E3SM Pathfinding on Fugaku

May 26, 2021

Fugaku logo. No reproduction without RIKEN’s consent.

Scientists recently investigated the computational performance of E3SM’s atmospheric dynamical core on Fugaku, currently the fastest supercomputer in the world located at the RIKEN Center for Computational Science in Kobe, Japan. Their experience so far indicates that Fugaku/A64FX shows promising energy efficiency (performance/Watt) with further performance gains possible through architecture-aware optimization efforts. The investigation helped to identify gaps in the ecosystem as well as evaluate various compiler choices and programming language implementations on Fugaku.

Image of Fugaku supercomputer with led lights on

Figure 1. Fugaku supercomputer located at the RIKEN Center for Computational Science in Kobe, Japan. Image courtesy of RIKEN, no reproduction allowed without RIKEN’s consent.

Single-Node Benchmark

The benchmark investigation described here measures the on-node performance of the E3SM hydrostatic dycore “preqx”, configured as it is used in the version 1 (v1) 25 km high-resolution simulations. The benchmark measures the single-node performance as a function of workload (number of elements per node). It was first used in Bertagna et al. (2019) where the research team collected data on a variety of CPU and GPU platforms, for both the Fortran code and the C++/Kokkos version of HOMME (High-Order Methods Modeling Environment). Because the team has data going back to CPUs from 2012, this benchmark has proven to be very useful in monitoring hardware trends. E3SMv2 uses the more efficient “theta” nonhydrostatic dynamical core, but due to the similarities of the new dycore with the “preqx” dycore, the team continues to use the benchmark with “preqx” to evaluate new architectures.

Scientists typically compare performance of CPU dual socket nodes with single GPUs as a function of workload. For most hardware, this is a reasonable proxy for performance per watt, since two CPUs or a single GPU typically use 250-350 W (CPU/GPU thermal design). The latest supercomputer chip, A64FX, is an exception to this, since a single node contains one CPU and power consumption of the full node including memory and networking uses less than 200 W. To make for a fairer comparison, scientists normalized all the results by rough estimates of power consumption, leading to an efficiency metric per Watt. This per-Watt efficiency metric is shown in Figure 2. It is computed using

N_e * N_t/ (prim_main_loop * num_devices * TDP)

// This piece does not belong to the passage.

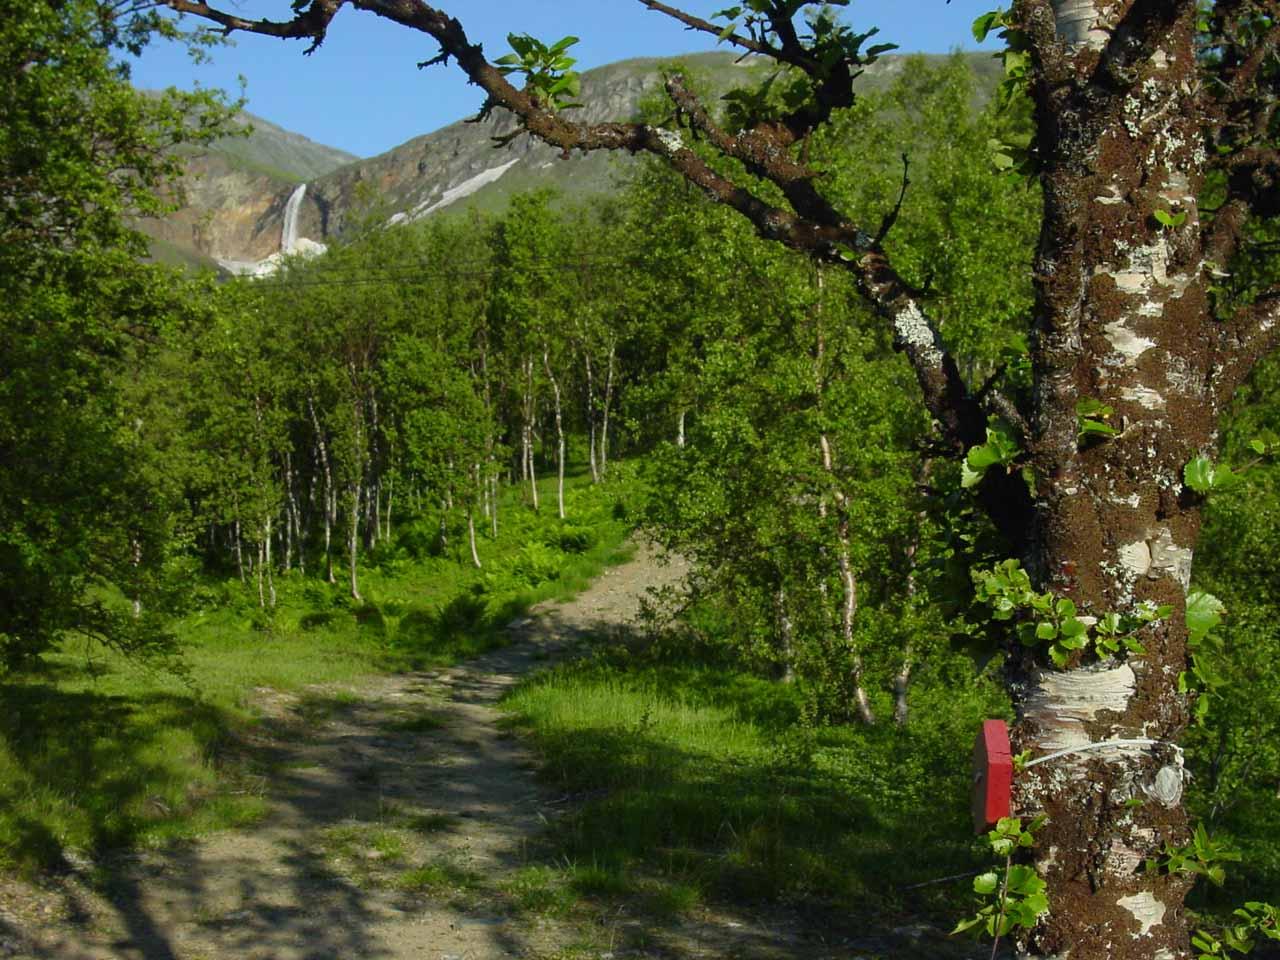 Red marker guiding me towards Fosselvfossen

i.e., the number of element remap timesteps per Watt where N_e is the number of spectral elements, N_t is the number of remap timesteps, prim_main_loop is the main computation loop timer, num_devices is 1 for CPU nodes or the number of GPUs per node for GPU systems, and TDP is the Thermal Design Power for the specific chip.

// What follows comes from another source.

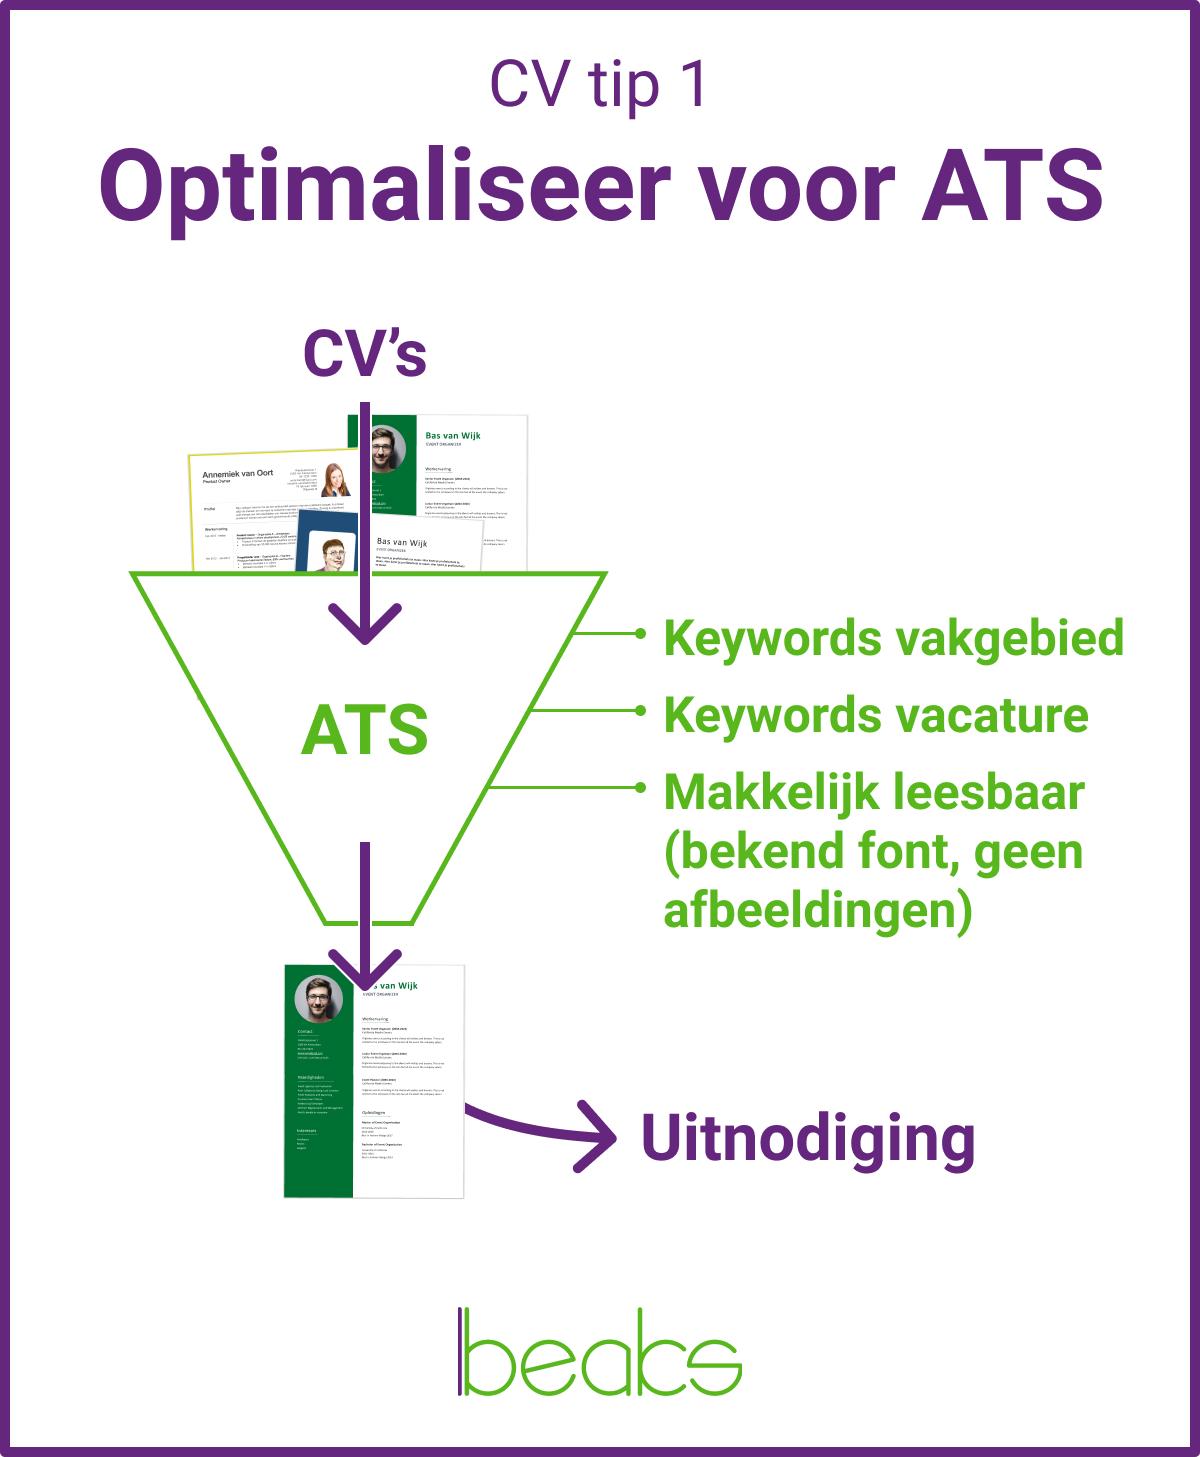 CV tip 1 Optimaliseer voor ATS

Figure 2. Plot of the efficiency metric normalized by power consumption on various hardware architectures. The legend includes a short descriptor for each architecture along with the number of parallel processes times (x) the number of threads and includes TDP in parenthesis. Specifically, the labels map as follows: KNL (Intel® Knights Landing), IB (Intel®Ivy Bridge), SKX (Intel® Skylake), V100 (NVIDIA® Volta), HSW (Intel® Haswell), A64FX (Fujitsu® A64FX), Power9 (IBM® POWER9), TX2 (Marvell®ThunderX2), EPYC (AMD® EPYC).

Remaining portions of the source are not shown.